* _Information provided_:

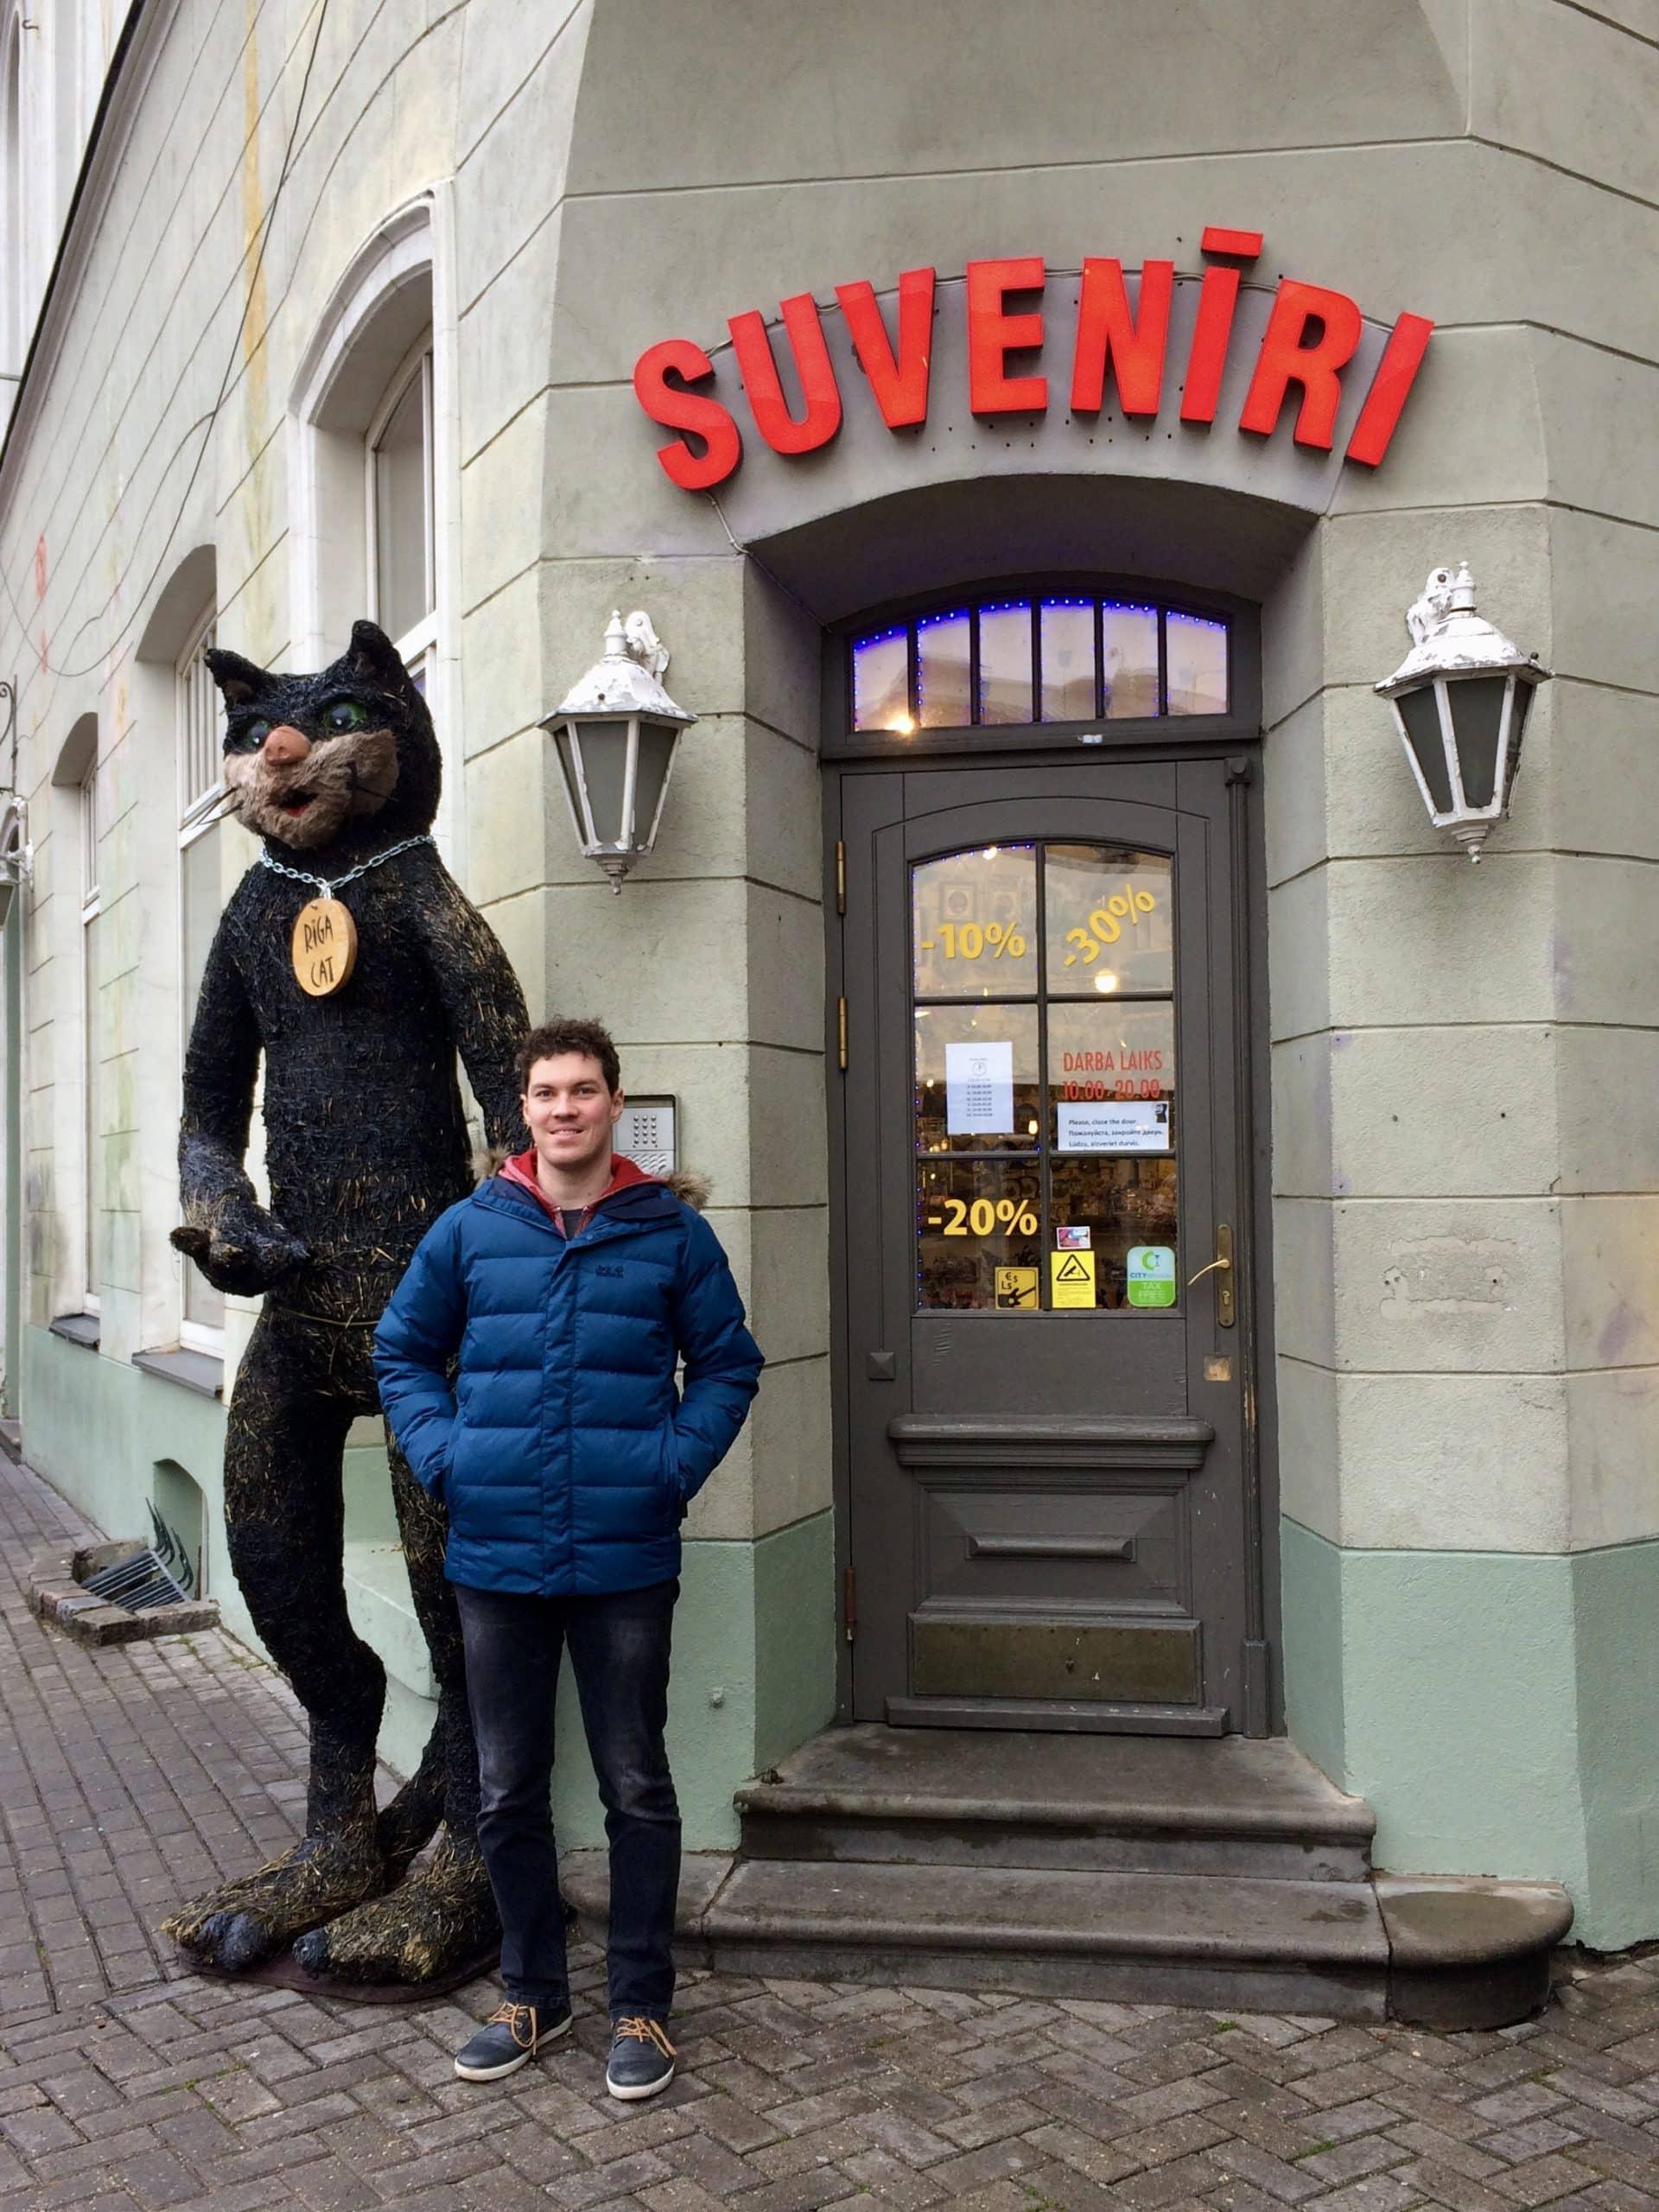 48 hours in Riga: My tips for Latvia's capital city
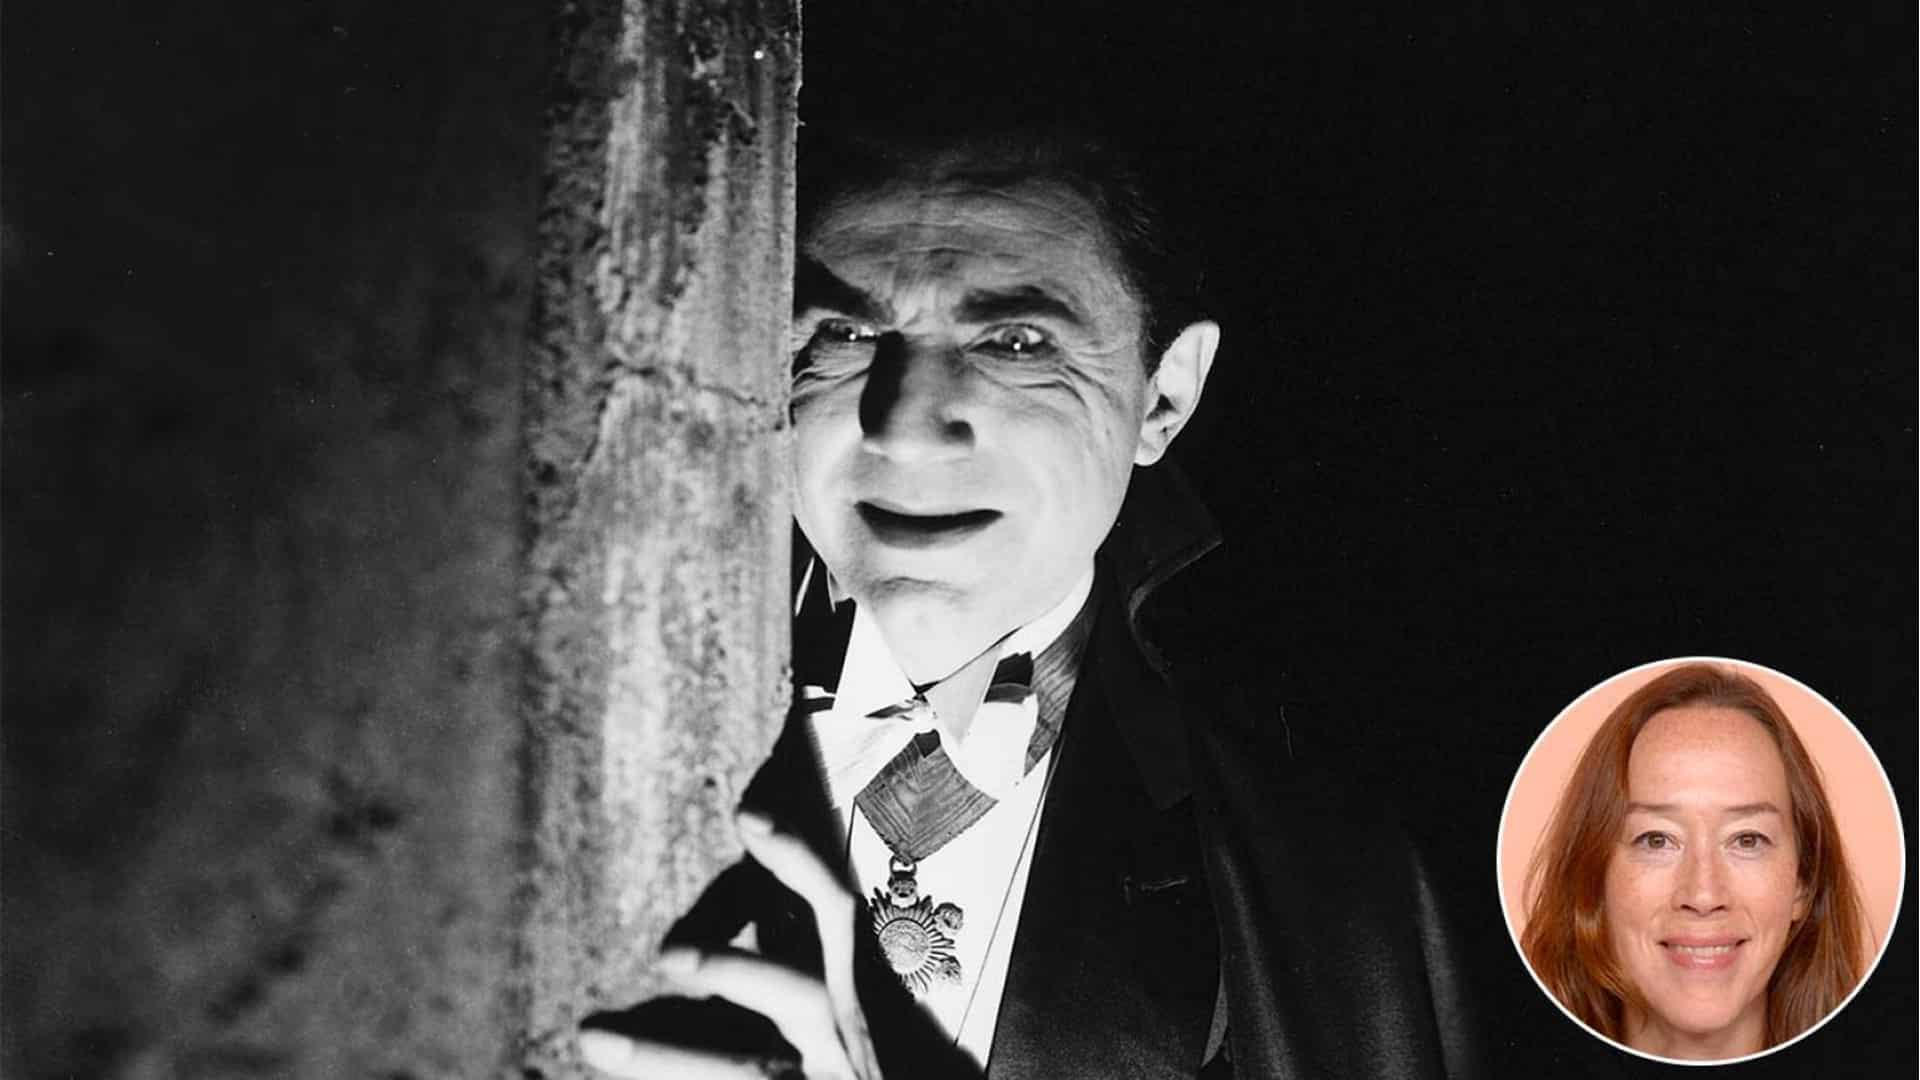 Dracula Karyn Kusama
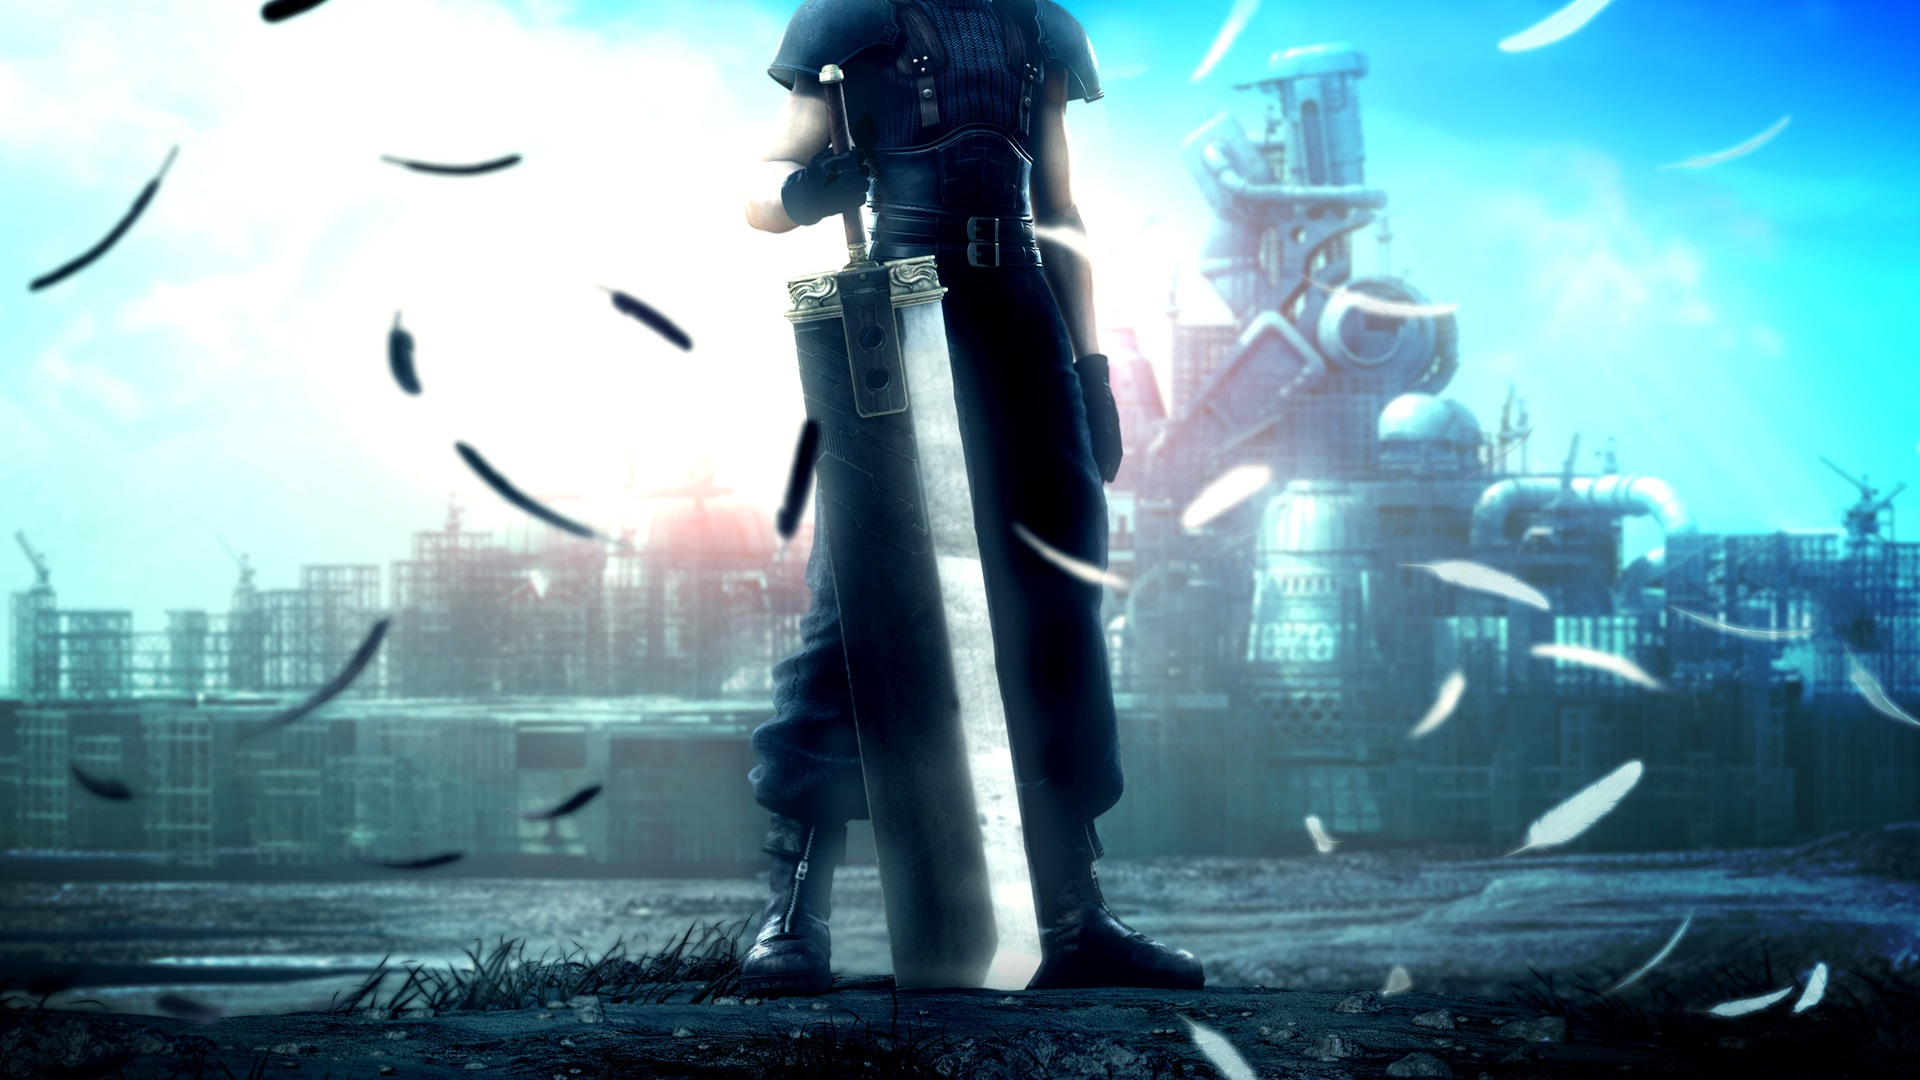 News Final Fantasy VII Remake E3 Pressekonferenz 2015 Sony 1920x1080

* _How to complete this task_: Output each line above exactly. Skip the images.

* _Written response_:
 48 hours in Riga: My tips for Latvia's capital city
 Dracula Karyn Kusama
 News Final Fantasy VII Remake E3 Pressekonferenz 2015 Sony 1920x1080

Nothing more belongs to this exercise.